“但是呢,这大学生长大了,他爸患了癌,他想给他爸换肾,结果做匹配的时候,意外发现他跟他爸妈的血型都不匹配。”
“于是后来他就来警局求助,希望帮他寻亲,至少搞清楚他父母是怎么一回事,为什么要遗弃他。”
许暮看了方问一眼,方问没有作声。
许暮叹了口气,“我们顺着线索往下查,顺藤摸瓜,最后发现,那个被打死的‘人贩子’,就是他爸爸。”
“整个村子,翻出来七八个被拐卖儿童,四个前去支教、但是被锁在村子里给老光棍当媳妇的女教师,我们找到的时候,她们已经疯了,孩子生了七八个,她们的孩子,全村的老少来阻止我们带走人。”
“村里的村妇、老头,每个人都是参与者,他们不觉得羞耻,跟坐在田边聊胳膊家新媳妇扒灰那样的事一样正常。”
“我说这些其实是想说,当你办过足够多的案子,见了足够多形形色色的人,你就会发现,这世间的恶,往往表现的如市井、琐屑,例如杀人犯,并不总是大家想象的穷凶极恶的男人,或者忏悔的犯人。”
“完全可以是一个看上去非常普普通通的老婆子,她们满脸凶相,要伪装,就楚楚可怜,好像是这世上最没文化,最弱势的群体,要彪悍起来,扯开嗓子,好像当场要拆了你的公检法。”
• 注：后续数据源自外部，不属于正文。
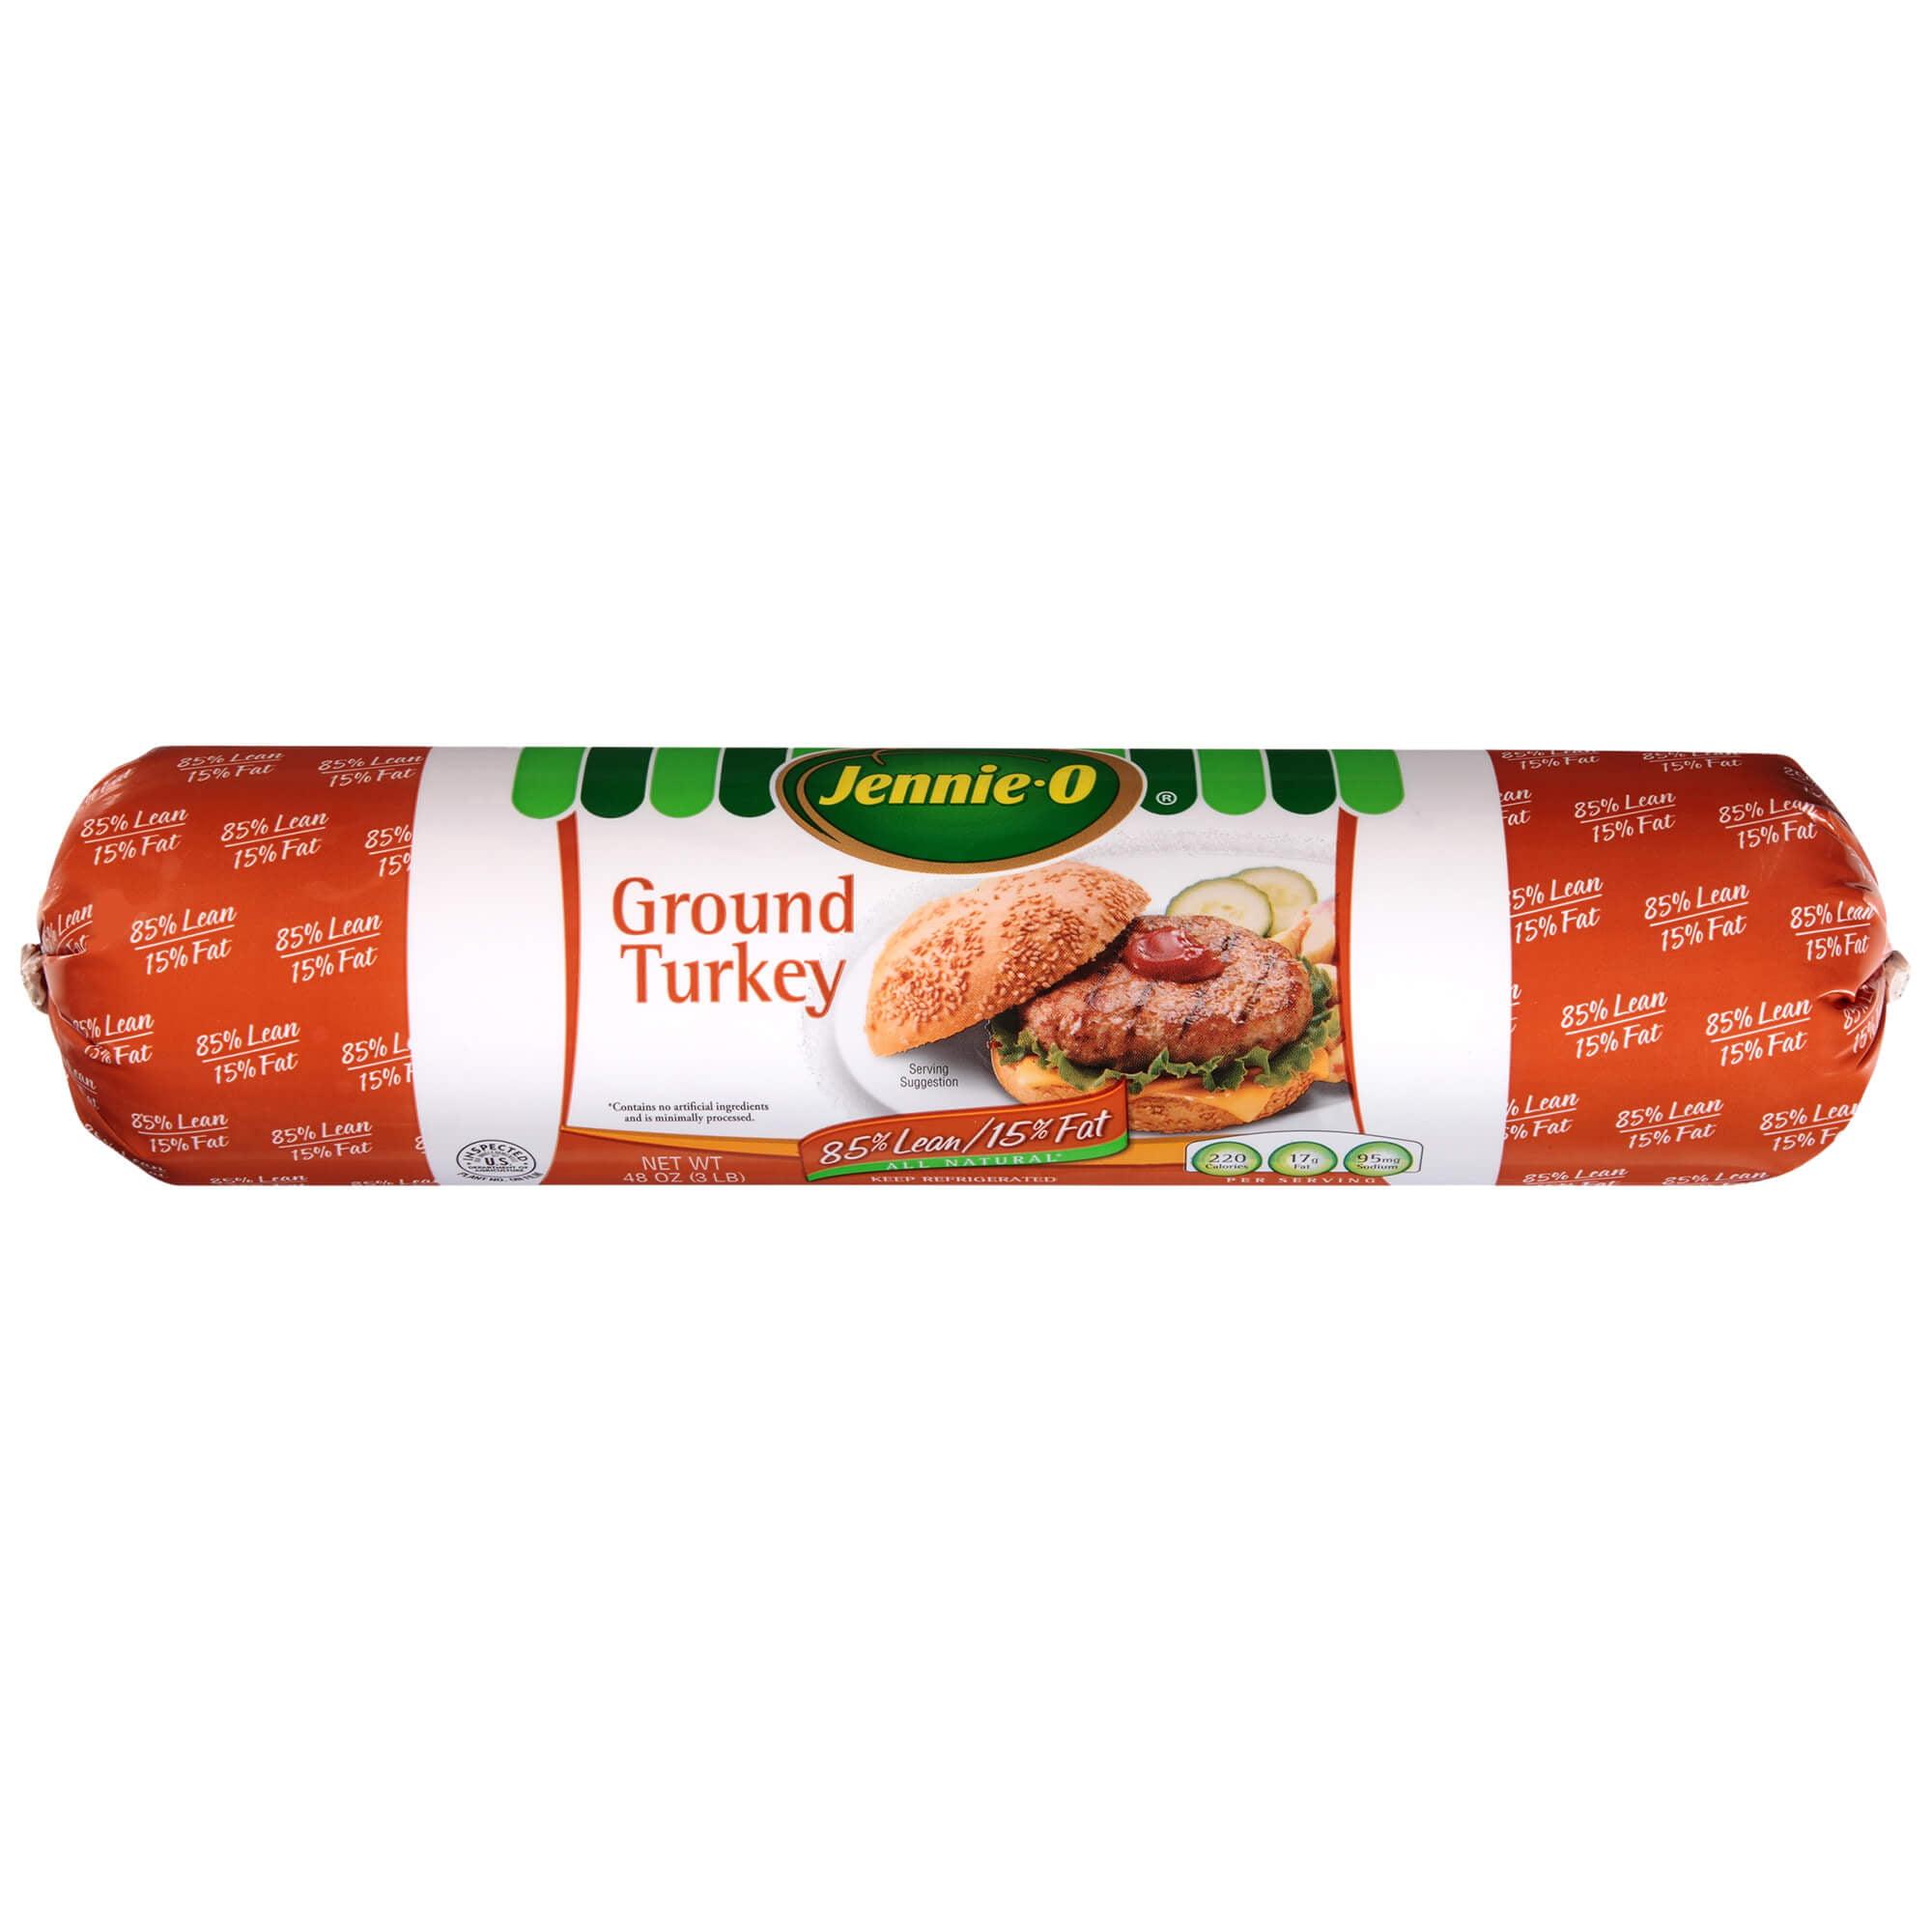 Jennie-O Ground Turkey Roll, 3 lb

“聊起杀人来,你都无法想象,一个人怎么会那么轻描淡写的描述一条人命那样的事,好像在村子里,乱拳打死个人,就像是什么很普通,很天公地道的事。”
“我说这么多,其实是想说,你很聪明,但可能缺乏足够的阅历,我这话不是贬义,经验只代表经历,人没见过,往往就无法想象他没见过的事。“
”我不表述,你可能就无法想象一个普普通通的老太婆,她也可以恶成那种样子,惯性的成见会让你偏失判断的犀利性,当代价到来时,往往就显得那么不可接受。”
“可我……,见多了。”
许暮苦涩一笑,“我说个诛心的话,你想一想,这个王桂芳上来不问情由,先反对我们处死张浩,她在干什么?圣母心发作吗?”
许暮咬了咬牙,左右四顾,见附近没人注意,于是压低声音,“有没有一种可能,她是意识到‘张浩’跟她是一路人,所以她想争取张浩活下来。”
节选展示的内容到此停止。